Exercise requirements: Everything in the data that follows should be given again verbatim, except the images.

Collected data:
☆ ☆ ☆

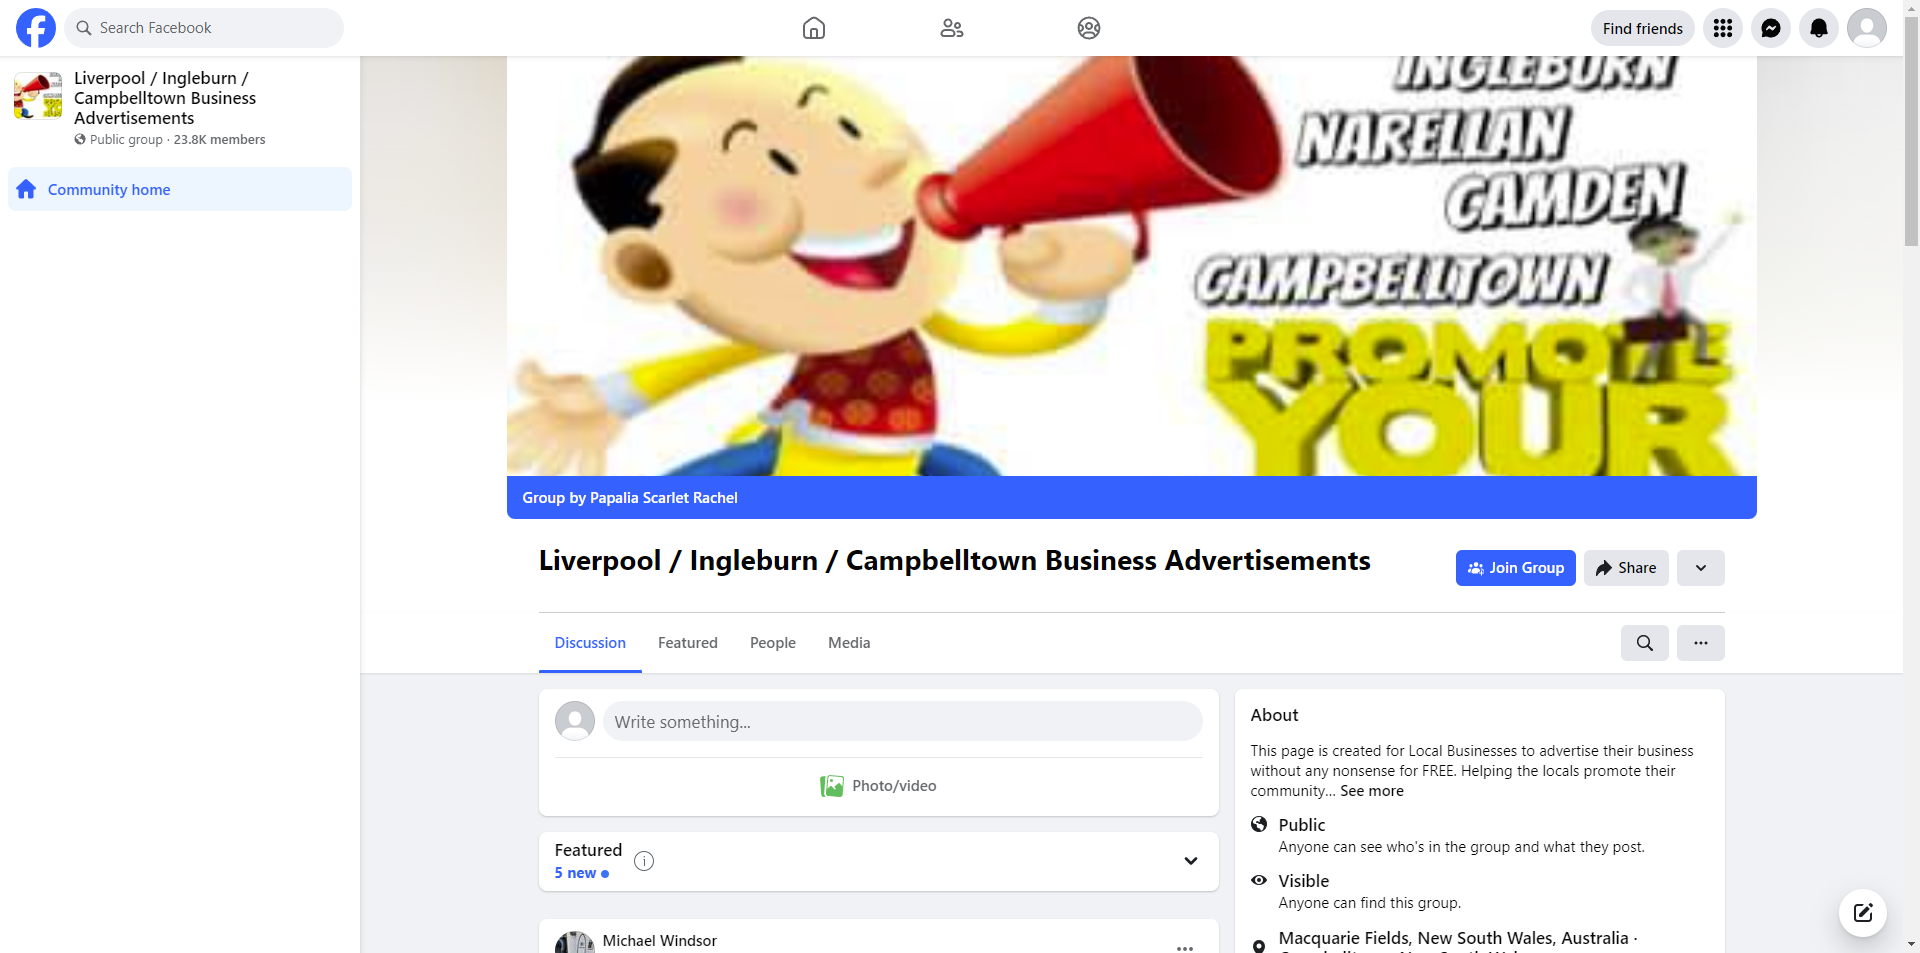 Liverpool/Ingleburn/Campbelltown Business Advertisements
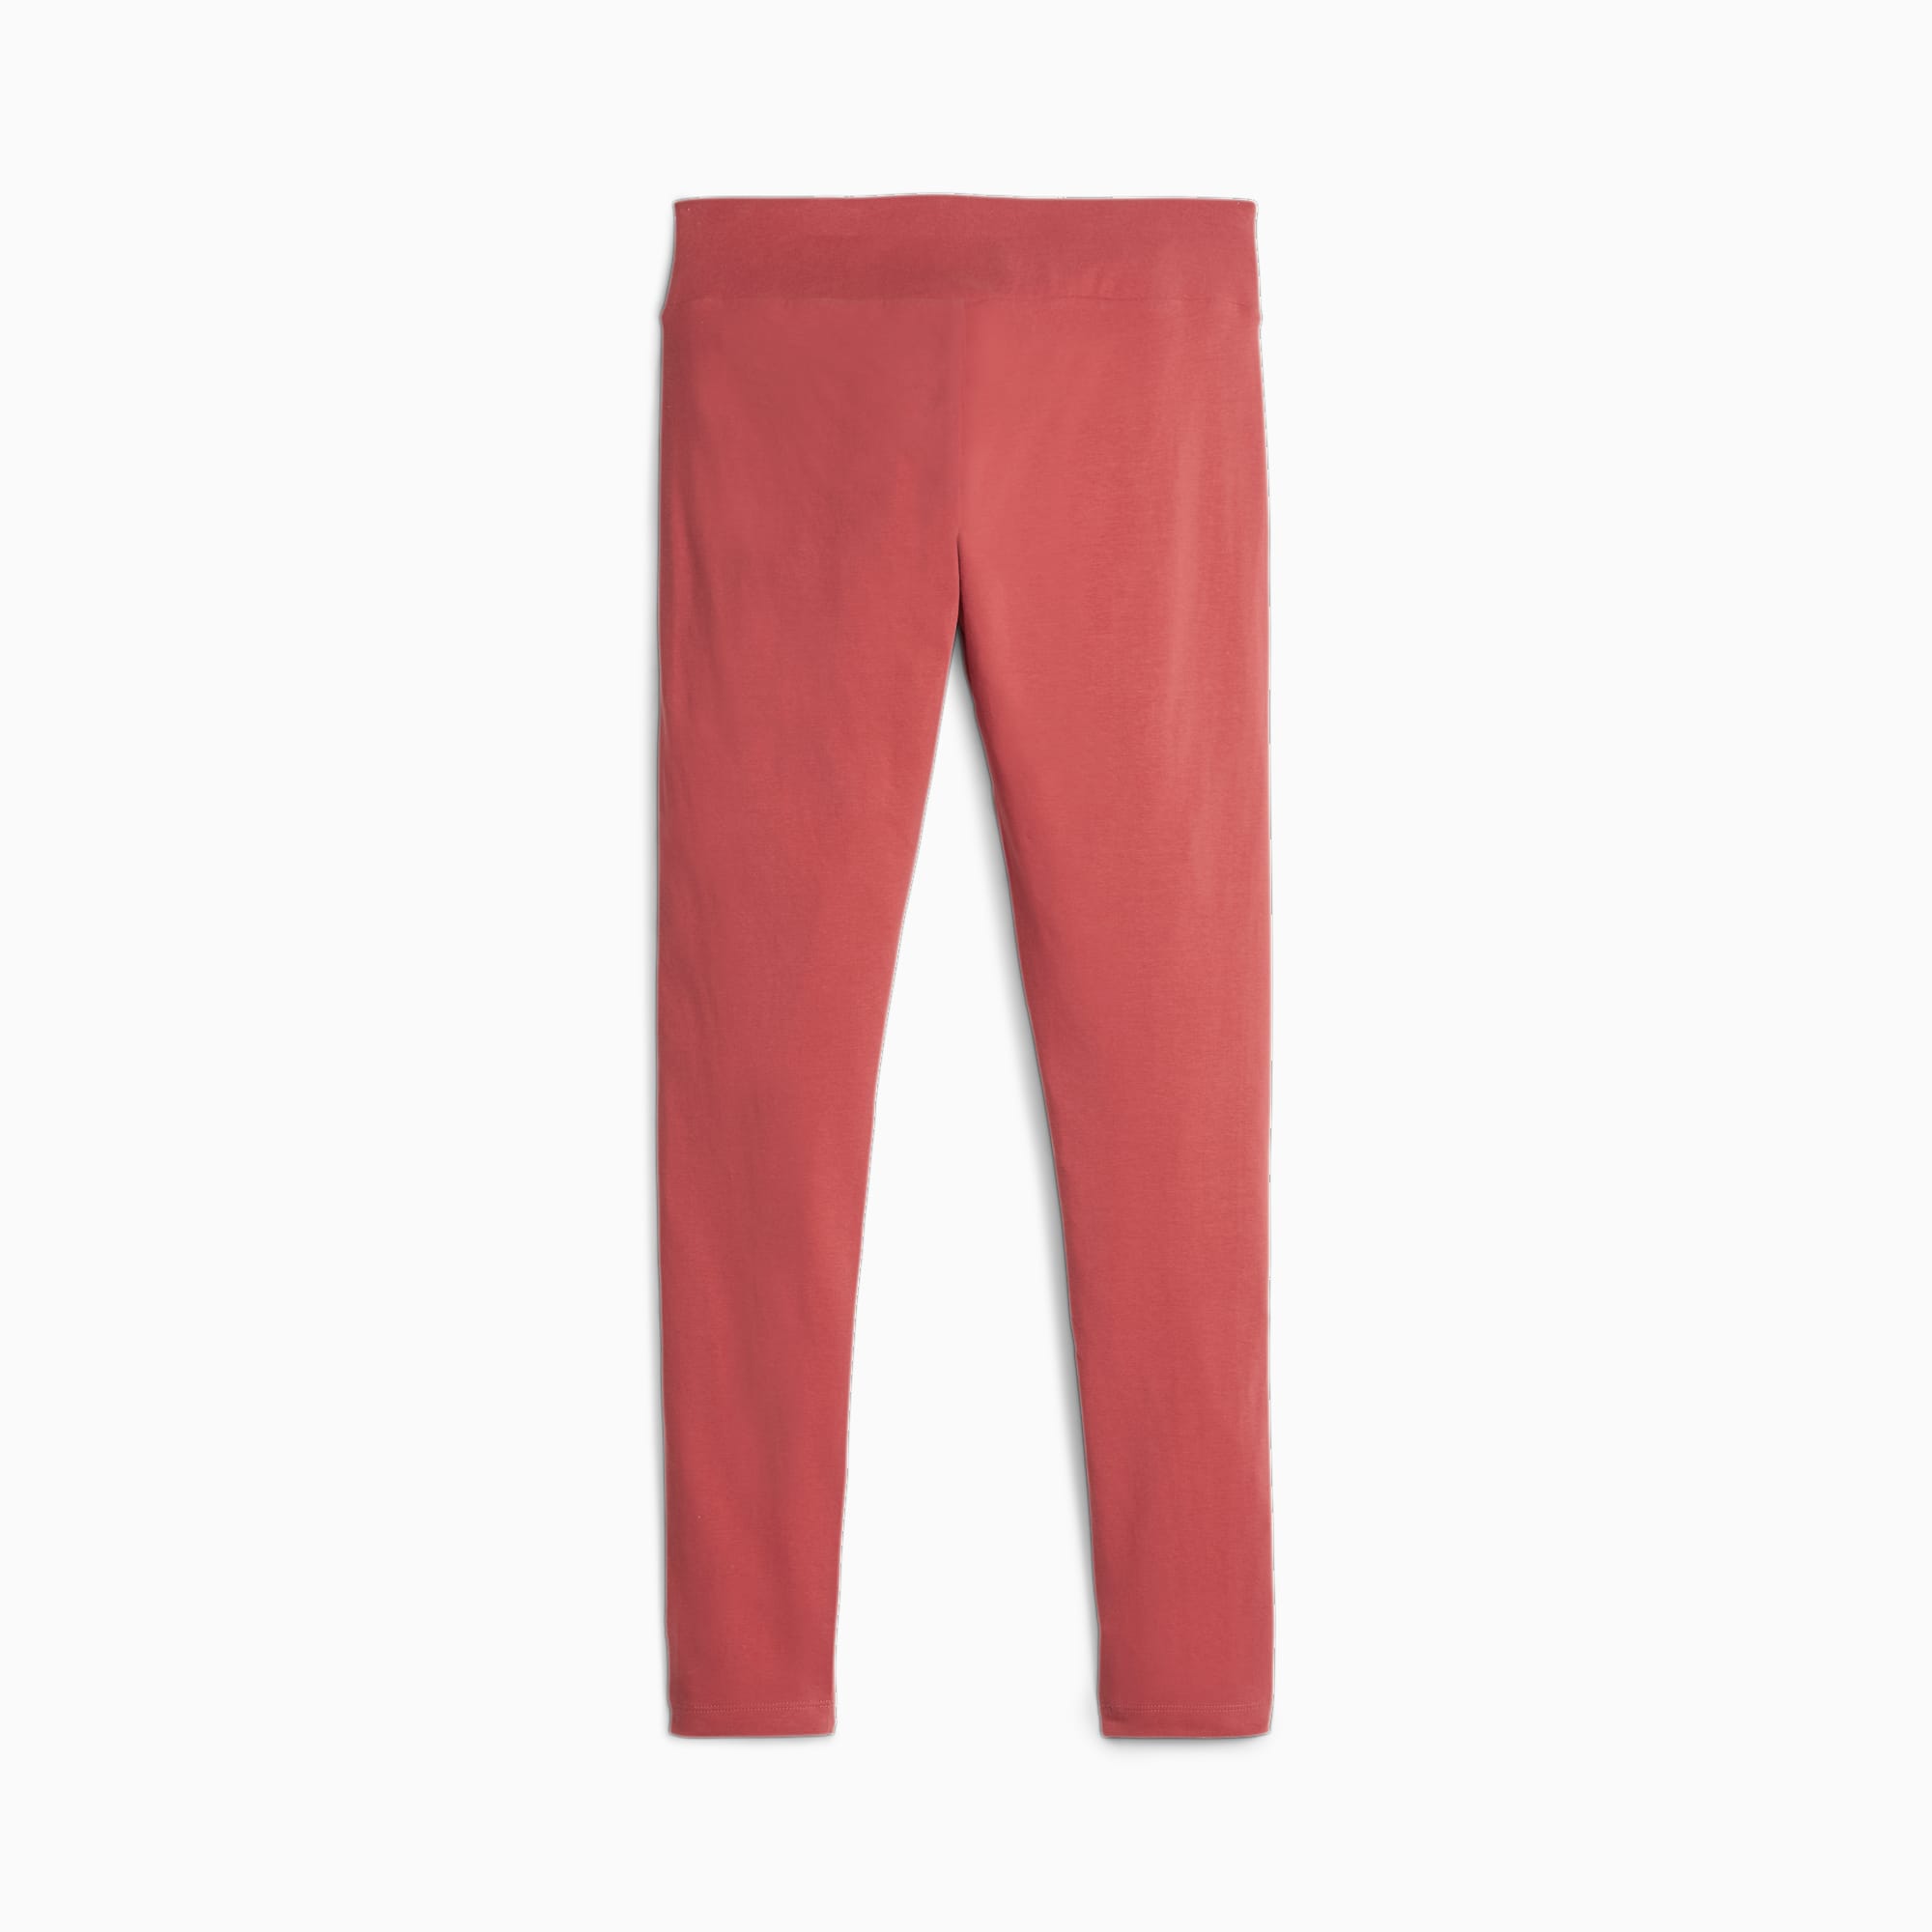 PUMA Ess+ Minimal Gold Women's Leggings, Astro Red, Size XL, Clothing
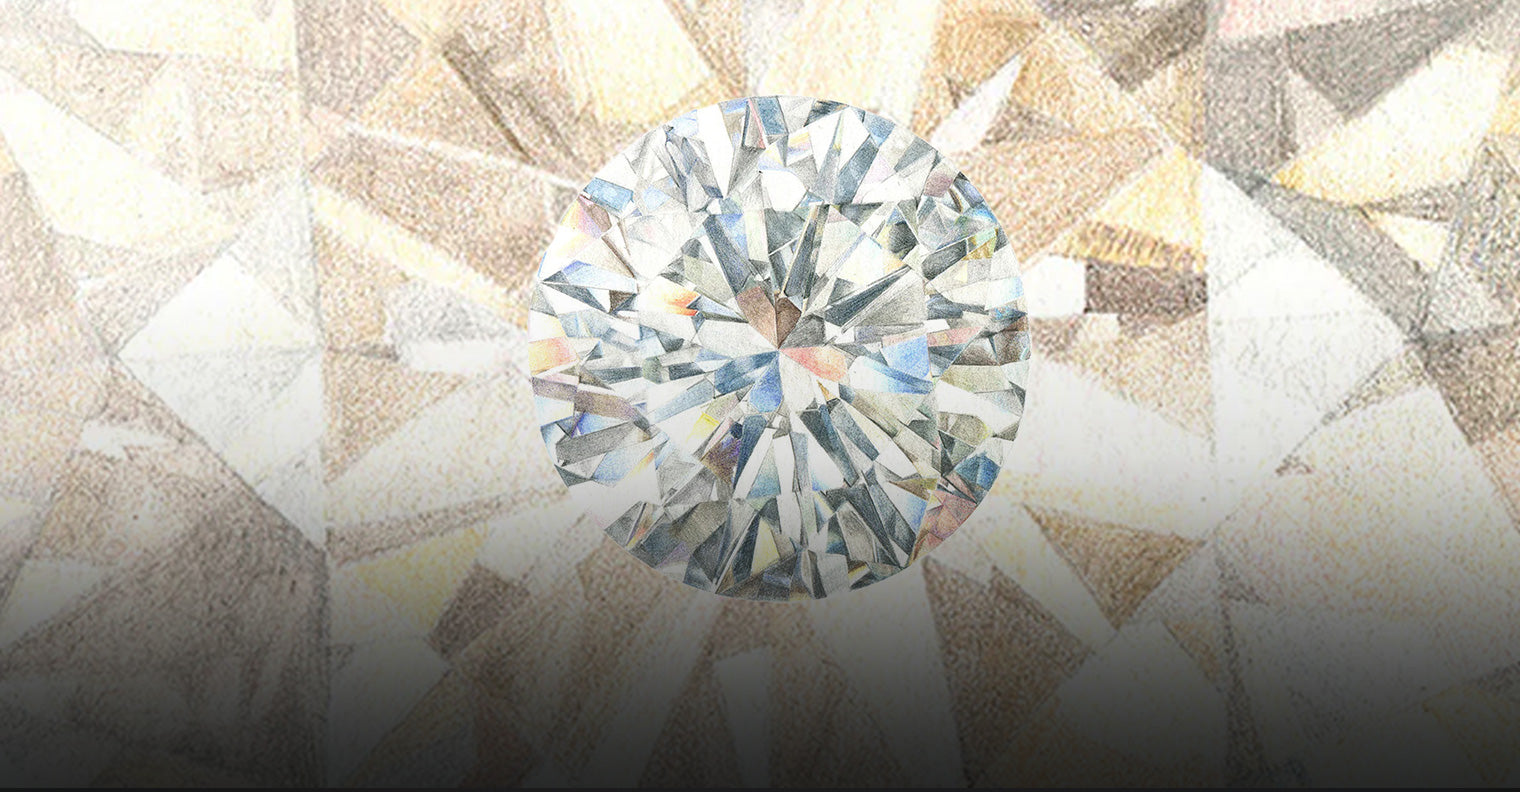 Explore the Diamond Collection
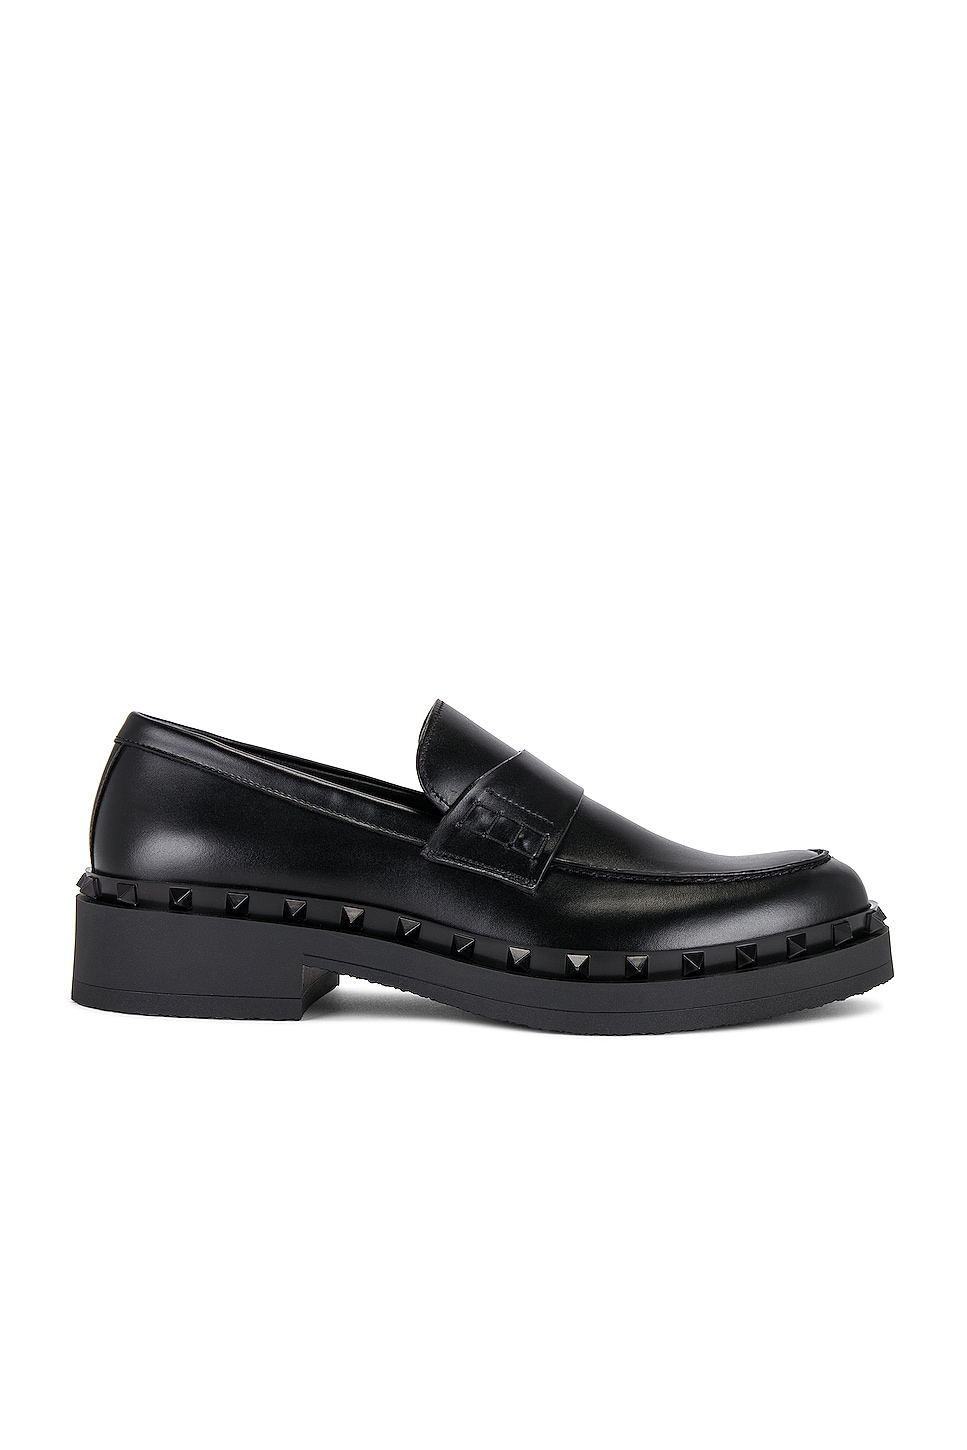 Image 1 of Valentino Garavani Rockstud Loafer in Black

☆ ☆ ☆

Result:
 Liverpool/Ingleburn/Campbelltown Business Advertisements
 PUMA Ess+ Minimal Gold Women's Leggings, Astro Red, Size XL, Clothing
 Explore the Diamond Collection
 Image 1 of Valentino Garavani Rockstud Loafer in Black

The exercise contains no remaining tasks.